Before it had even hit the plate, the poor bugger was out of the show.

The challenges were all present and correct too… make something from a box of mystery ingredients, make some nice food of your own choice and the ubiquitous Send The Buggers To A Restaurant Kitchen To Get Shouted At. Concerning the latter, the restaurants featured were talked up like cult camps… they’re all IN THE HEART OF SOMEWHERE with inordinate amounts of pressure and importance placed upon them, almost like the head chefs are ready for slaying all the contestants’ first born in the name of the lamb, sacrificial, brazed or otherwise.

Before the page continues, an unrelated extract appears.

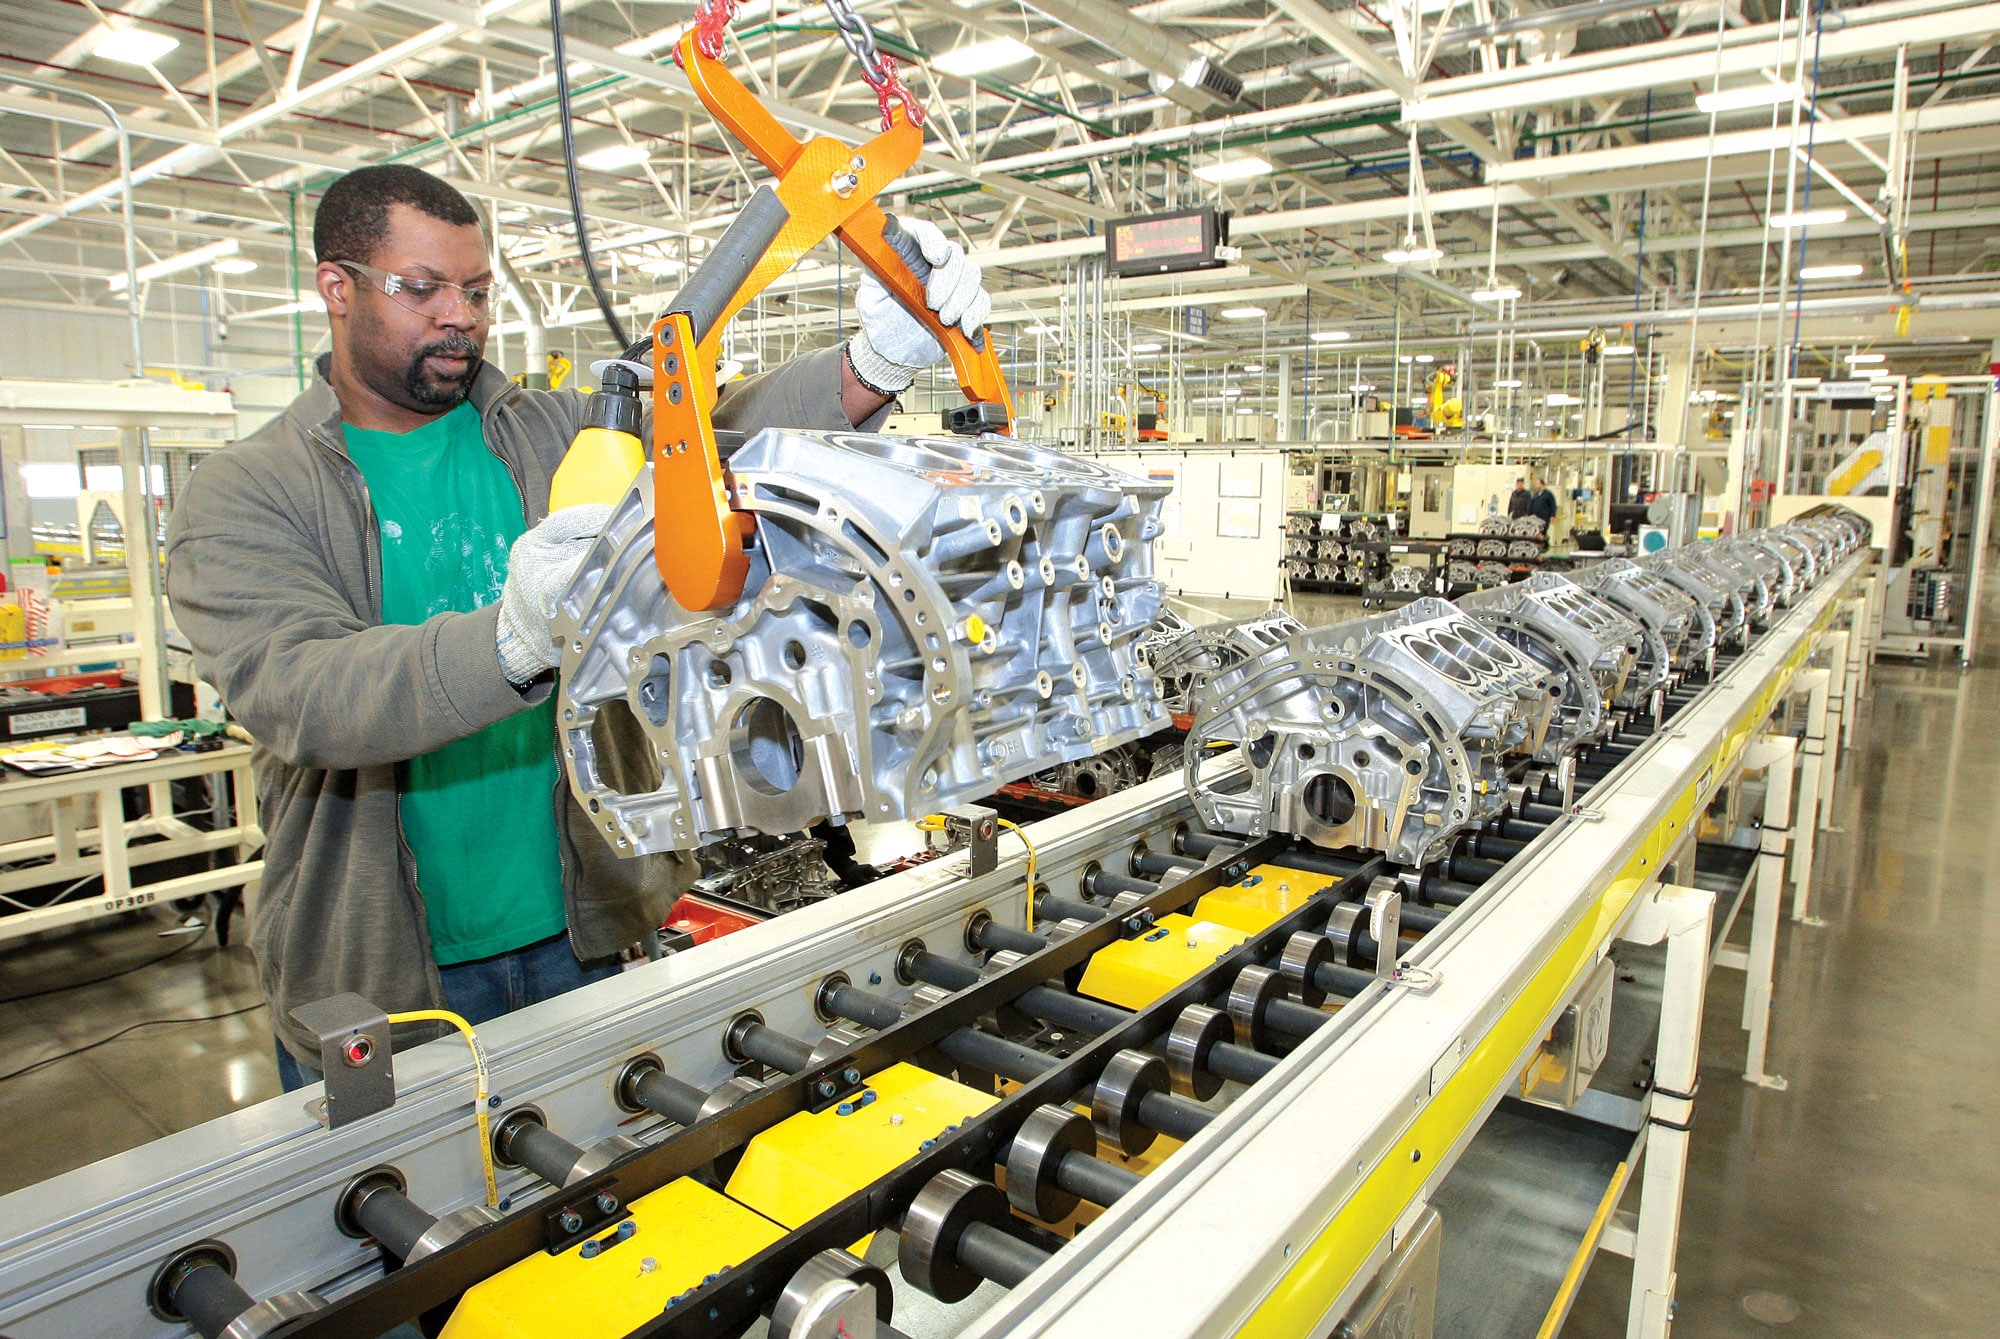 Green Manufacturing Goes Beyond Energy at Fiat Chrysler Automobiles
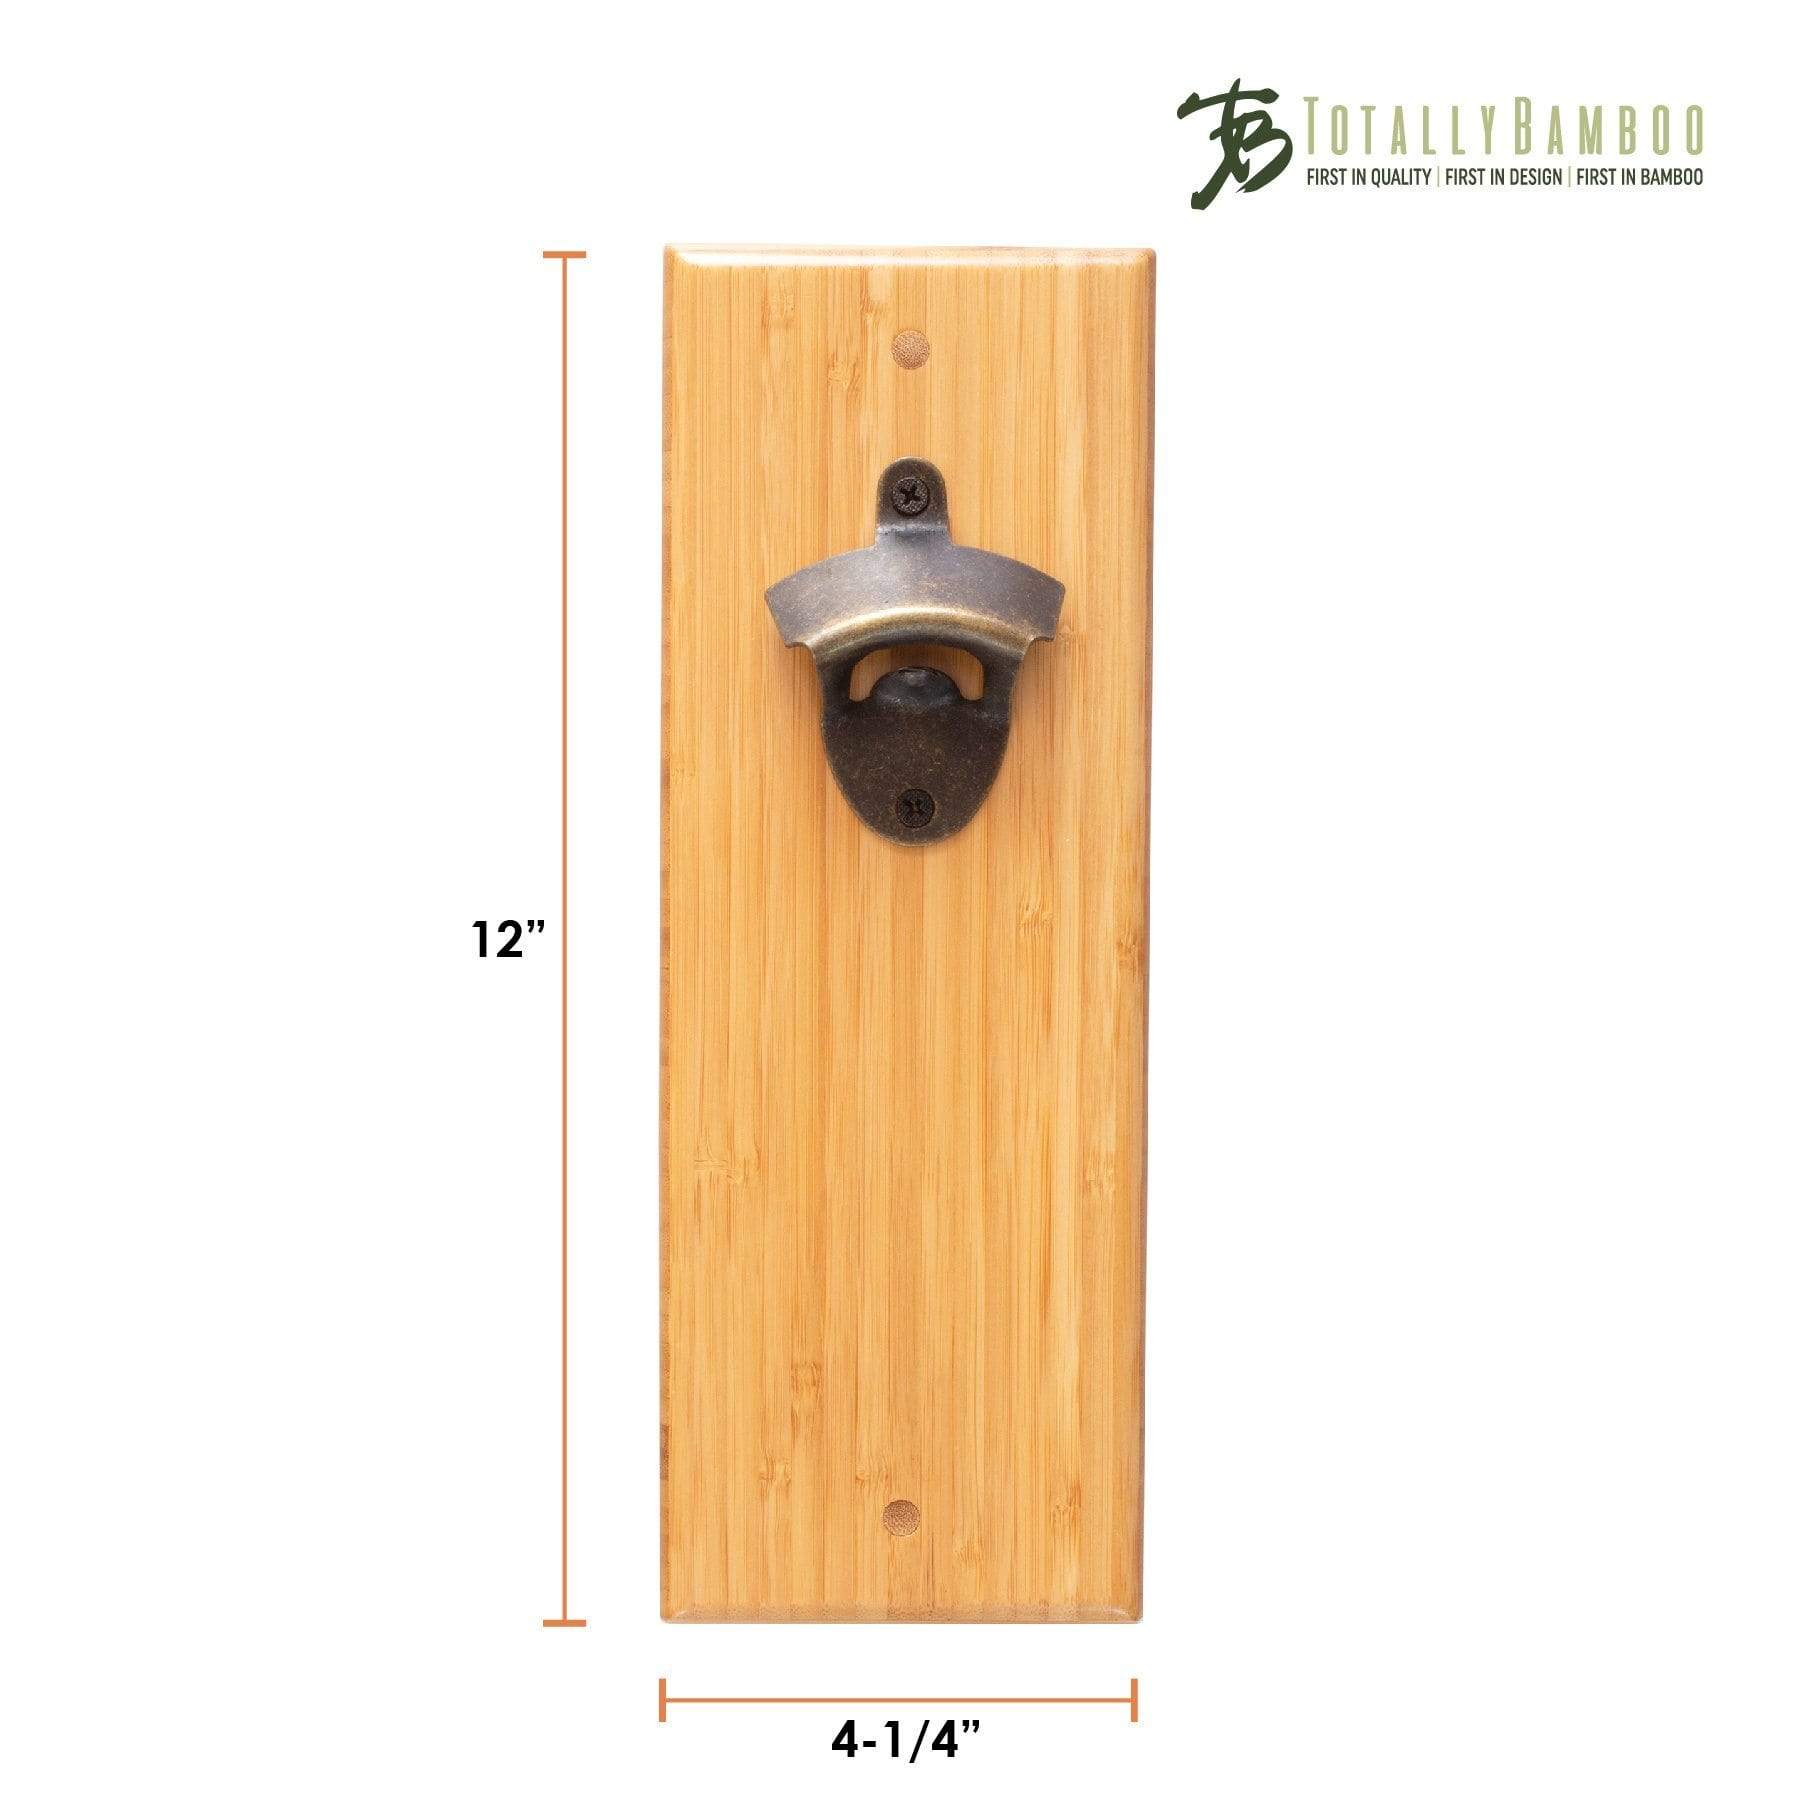 https://totallybamboo.com/cdn/shop/products/wall-mounted-bottle-opener-with-magnetic-bottle-cap-catcher-totally-bamboo-648283.jpg?v=1627824242

Naturally, this being a cookery show in the Noughties, there were more than enough scallops to go around. To be honest, if I see another scallop on telly, I’m going to murder Gregg Wallace, and EVERYONE likes Gregg Wallace. I’ve eaten them. They’re a bit boring. They’re like posh, fat crab-sticks.

At the close, people were booted off the show by Gregg and Torode, both weirdly angry looking throughout, and they all took it on the chin, with some going through and… and… you know the score by now. Basically, Celebrity Masterchef is the same as ever and a real hoot to watch. It’ll only get better too.